Mesoporous Fe‐Nx‐C Sub‐Microspheres for Highly Efficient Electrocatalytic Oxygen Reduction Reaction

Abstract

AbstractWe design and obtain mesoporous Fe‐Nx‐C sub‐microspheres (Meso Fe‐Nx‐C‐SS) using the amino acid‐metal complex as Fe/N/C precursor and mesoporous silica sub‐microspheres (MSS) as hard template by a facile template‐assistance strategy. The Histidine‐Fe complex is impregnated into mesopores of MSS, and then Meso Fe‐Nx‐C‐SS are obtained by high‐temperature carbonization process and removal of MSS template. The as‐fabricated Meso Fe‐Nx‐C‐SS exhibits the spherical structure with rough surface with the diameter size of 200–500 nm. And Meso Fe‐Nx‐C‐SS also possesses a high specific surface area of 784 m2 g−1, a large pore volume of 1.65 cm3 g−1, and a large pore size in the range of 10–22 nm. Benefiting from atomically dispersed N‐coordinated Fe and unique three‐dimensionally (3D) interconnected mesoporous carbon architecture, Meso Fe‐Nx‐C‐SS shows excellent electrocatalytic performance toward oxygen reduction reaction (ORR) with positive half‐wave potential (E1/2 0.86 V), high stability (93.94 % after 30,000 s), low Tafel slop (43 mV dec−1) and good methanol tolerance, exceeding commercial Pt/C catalyst in alkaline media.

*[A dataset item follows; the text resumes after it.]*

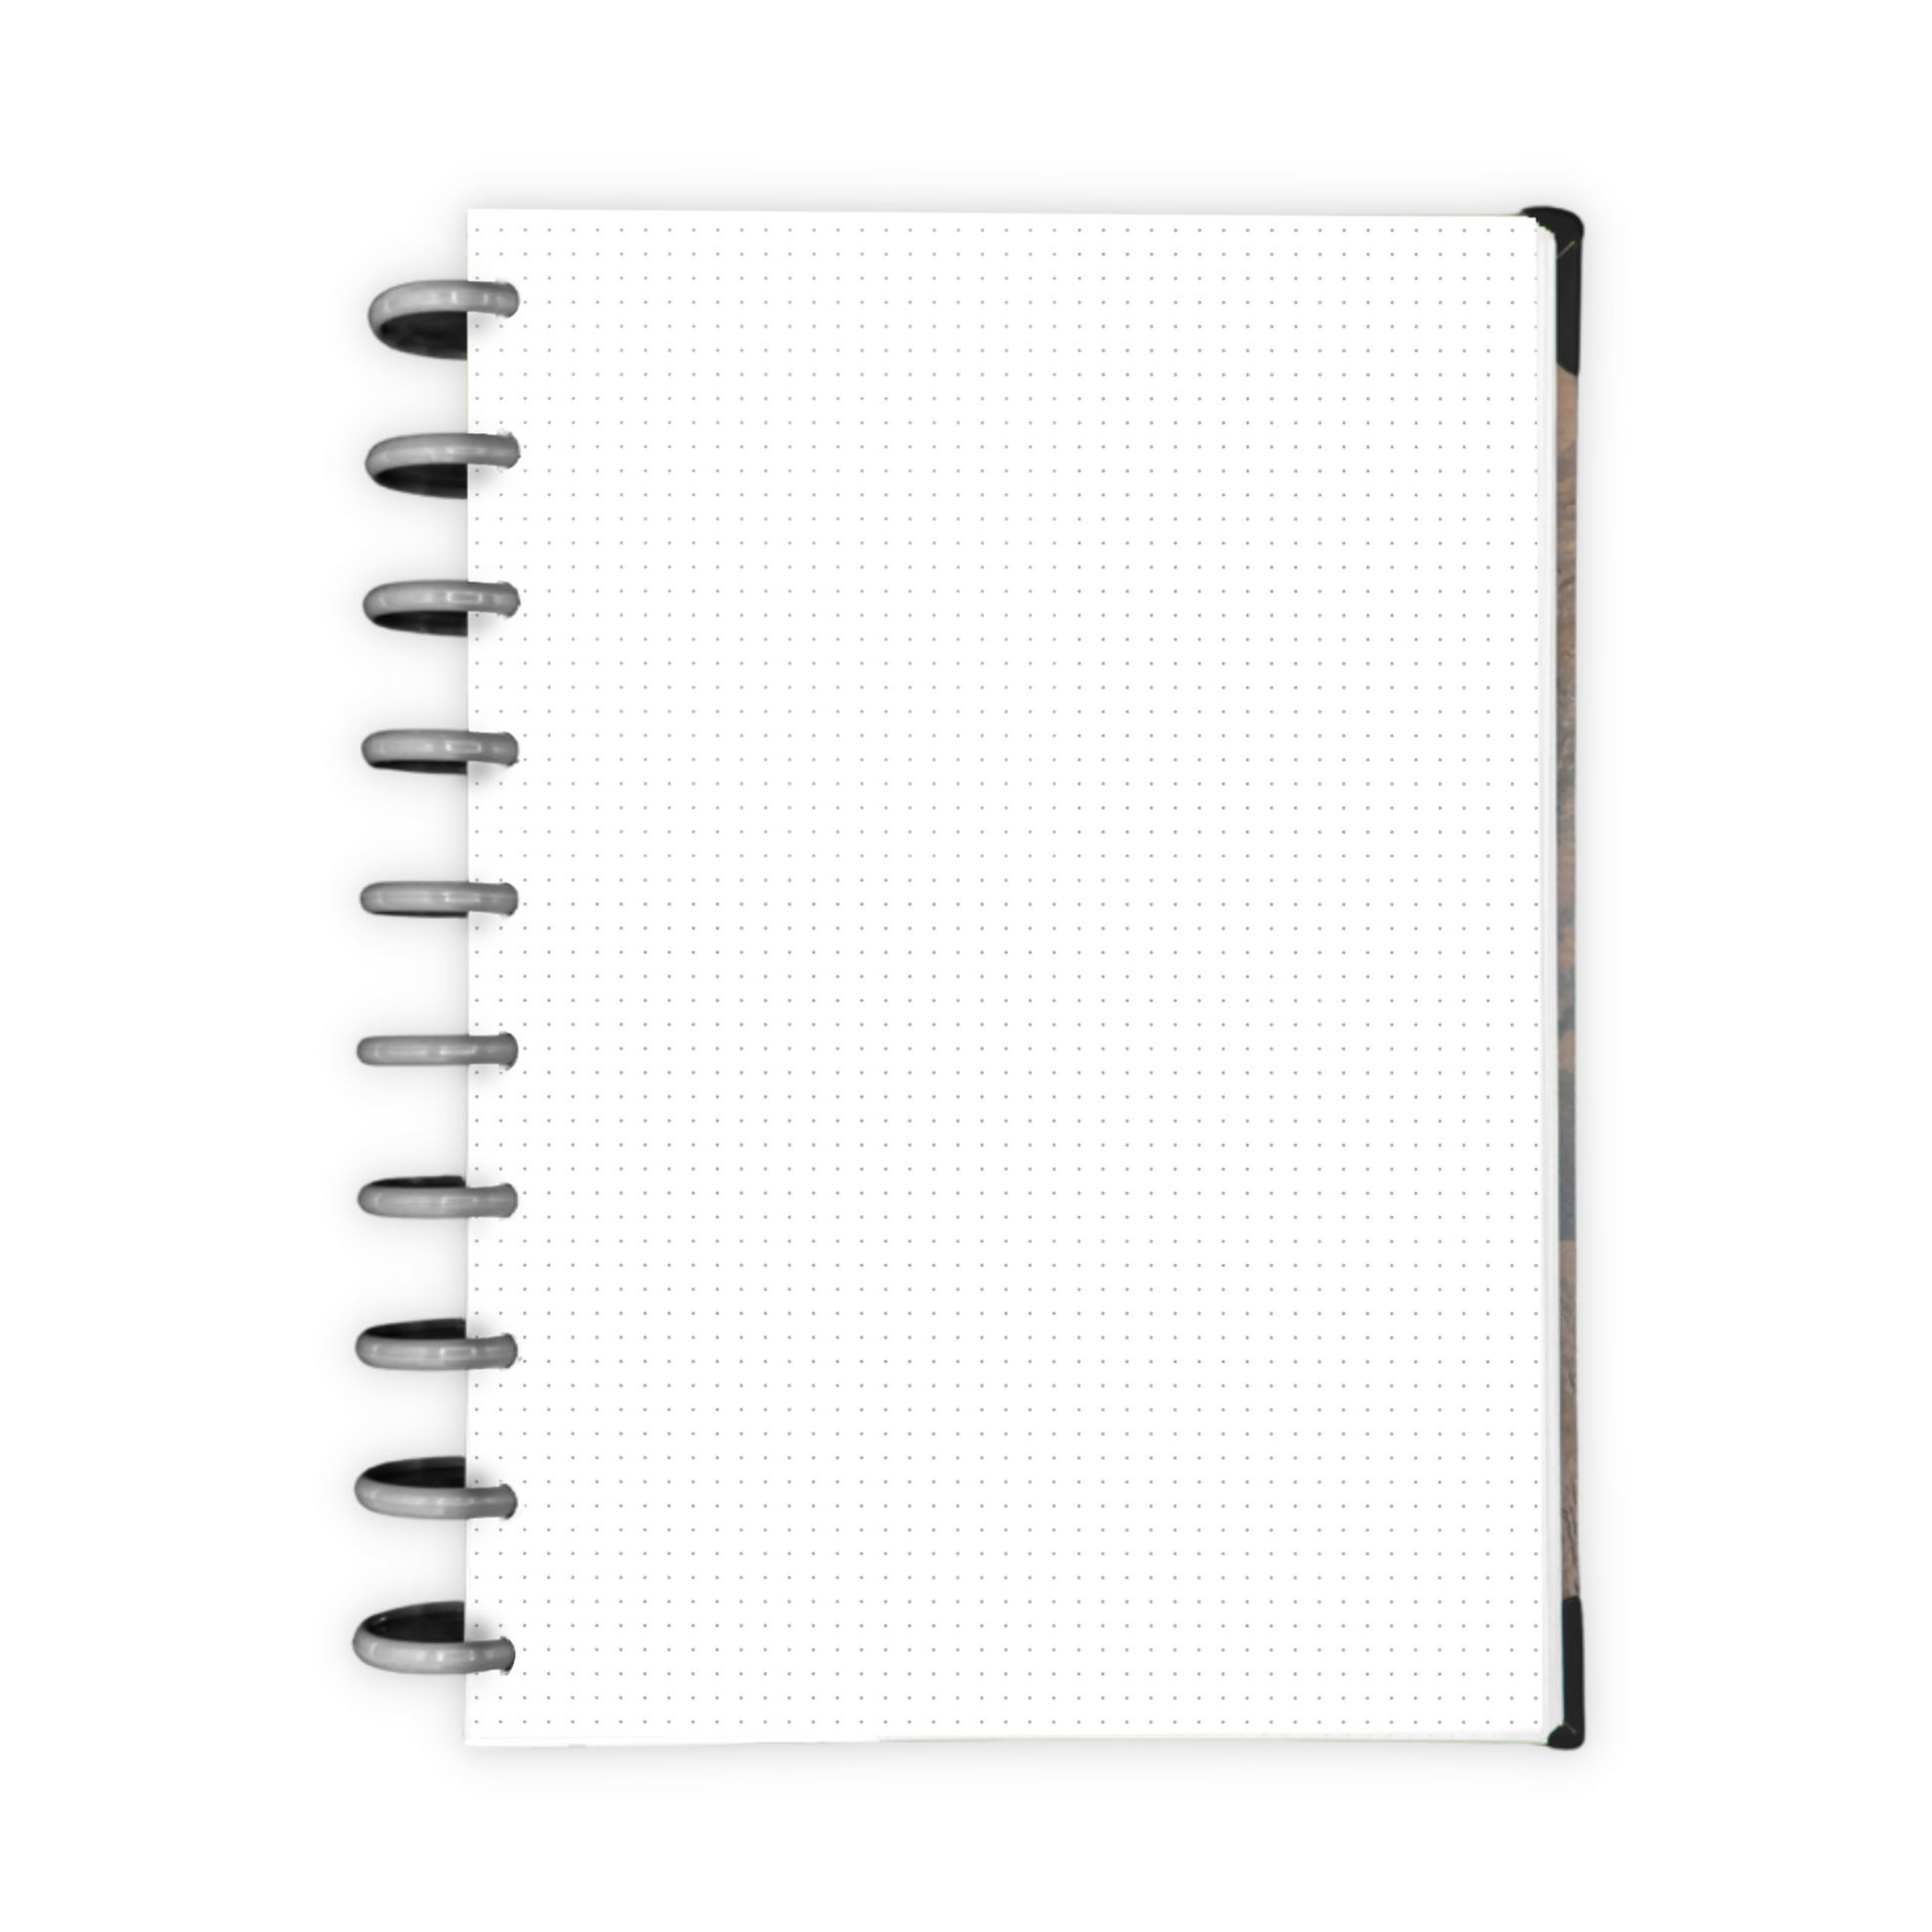 Blank dot grid paper in a planner

As the cathode catalyst within the primary Zn‐air batteries, Meso Fe‐Nx‐C‐SS also reveals an outstanding catalytic activity (the maximum power density of 120 mW cm−2) and superior discharge stability (at current density of 10 mA cm−2 after 6 cycles, at different current densities of 5, 10, 20 mA cm−2), promoting its practical application in Zn‐air batteries.